10-1100/Assignment 1 Part 1 by Peter
Pyraminx Analysis Using Matlab
By: Peter Badea
This article will attempt to guide the reader through an analysis of the number of possible permutations of a Pyraminx puzzle (see Pyraminx):
Please Note: It has come to my attention that Mr. Charles Tsang has also posted an analysis of the Pyraminx problem. This is an unfortunate coincidence that was only observed after the problem had been solved. A quick glance at the very different program code (and even program used) will surely lead any reader to this conclusion. His solution can be found here.

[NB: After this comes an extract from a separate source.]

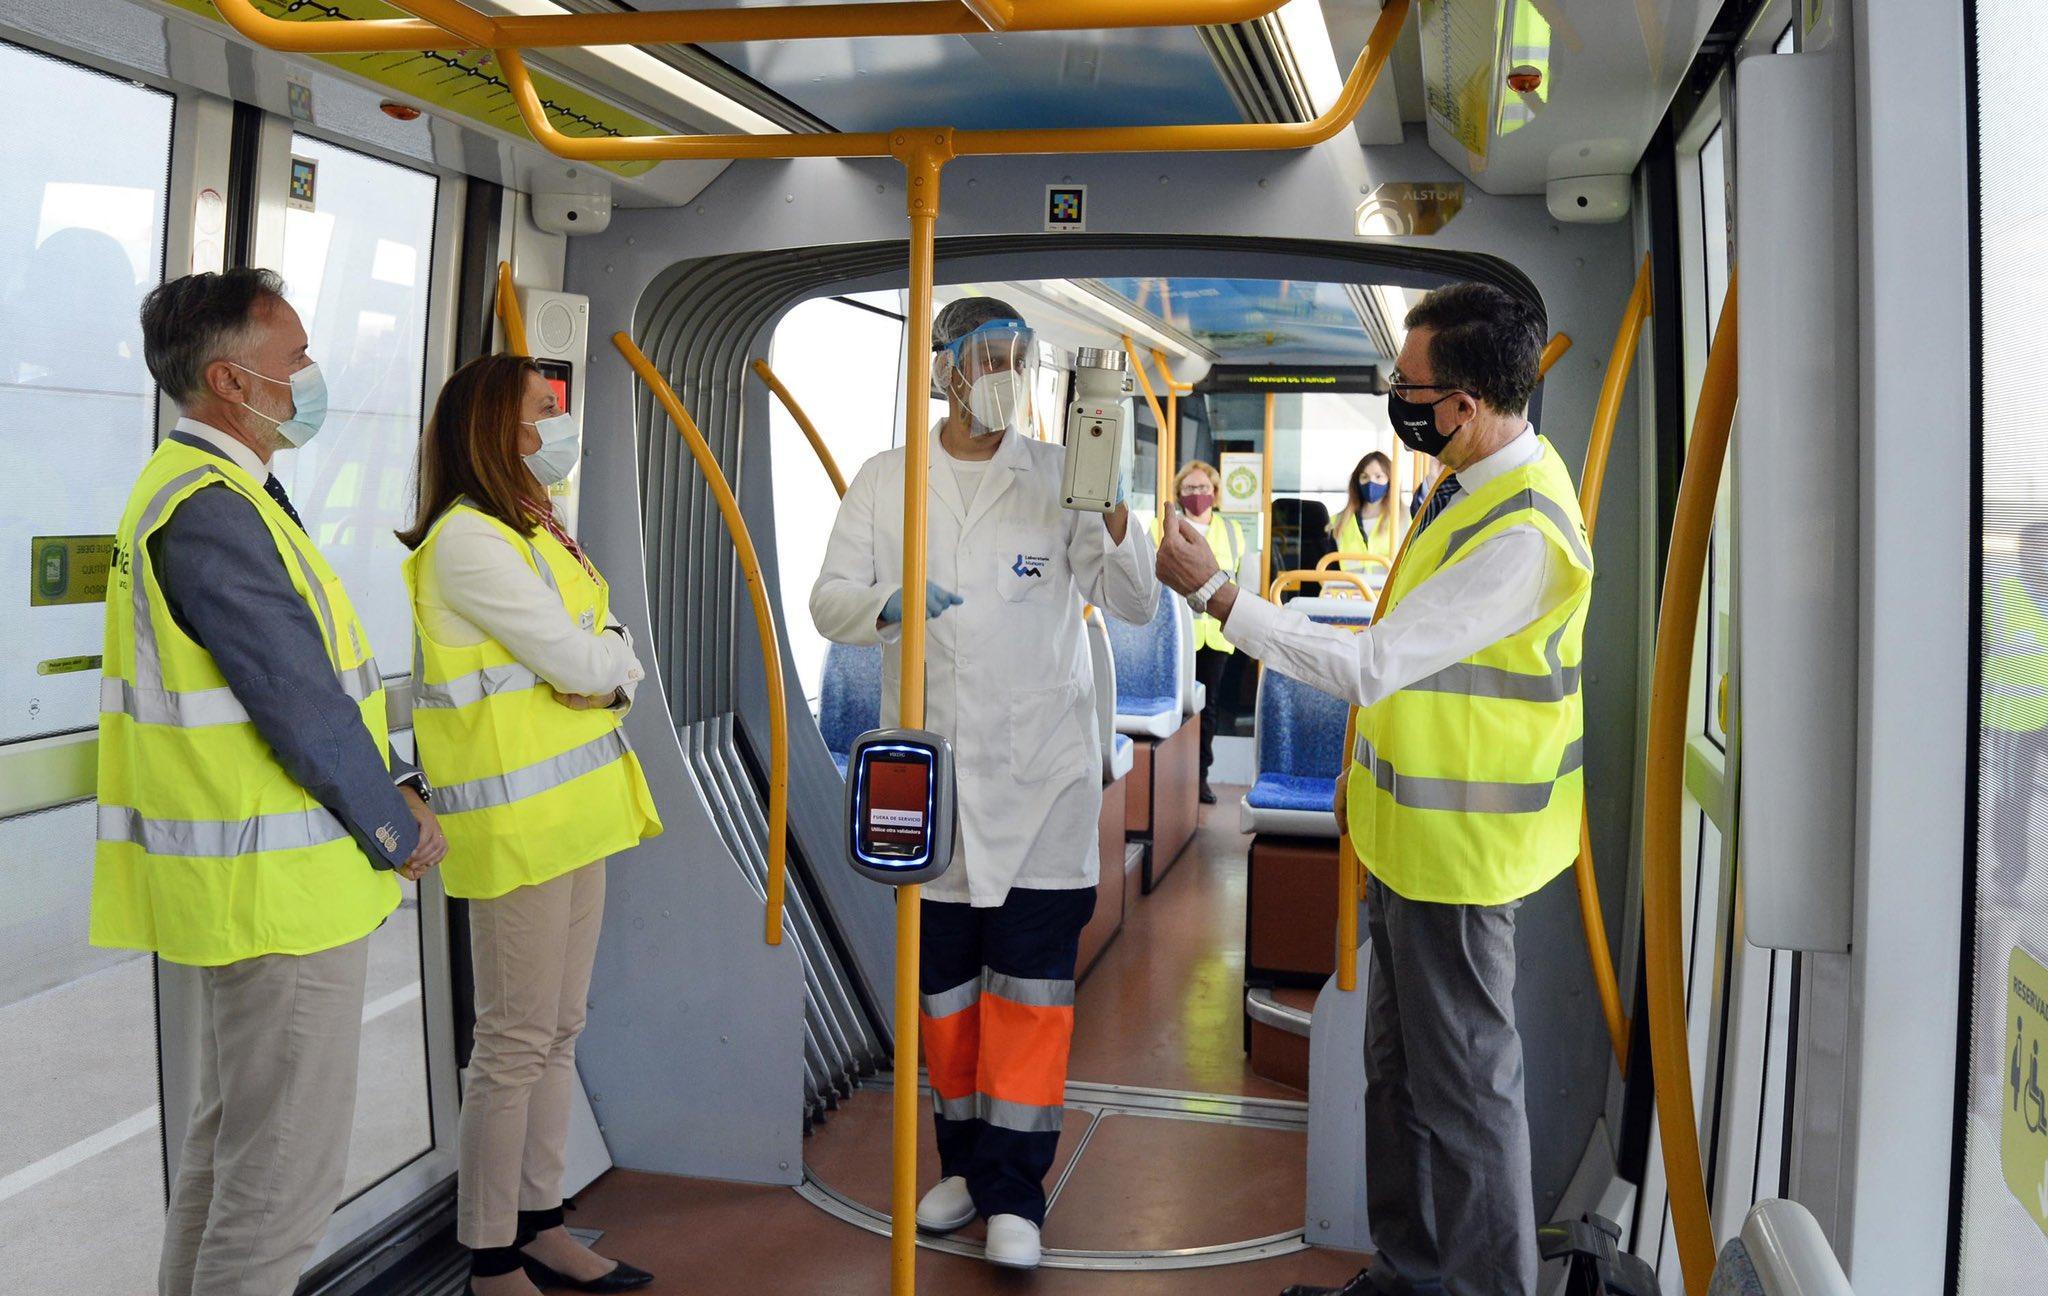 Los controles periódicos para la detección de trazas de Covid-19 confirman la seguridad del tranvía

As can be seen above, this puzzle is similar to that of the Rubik's cube except for the differing shape (that of a tetrahedron as opposed to a cube). Each side is an equilateral triangle composed of 9 smaller equilateral triangles all joined in the fashion shown below:
The labeling shown above is important to understand the meaning of each permutation expressed in standard notation. To apply the the Schreier–Sims algorithm to this problem, a set of generators must first be found. These can be expressed as the 8 rotations (about each of 4 vertices) that involve rotating either only the vertex piece (4 trivial rotations) or 2 (of the total 3) rows of pieces.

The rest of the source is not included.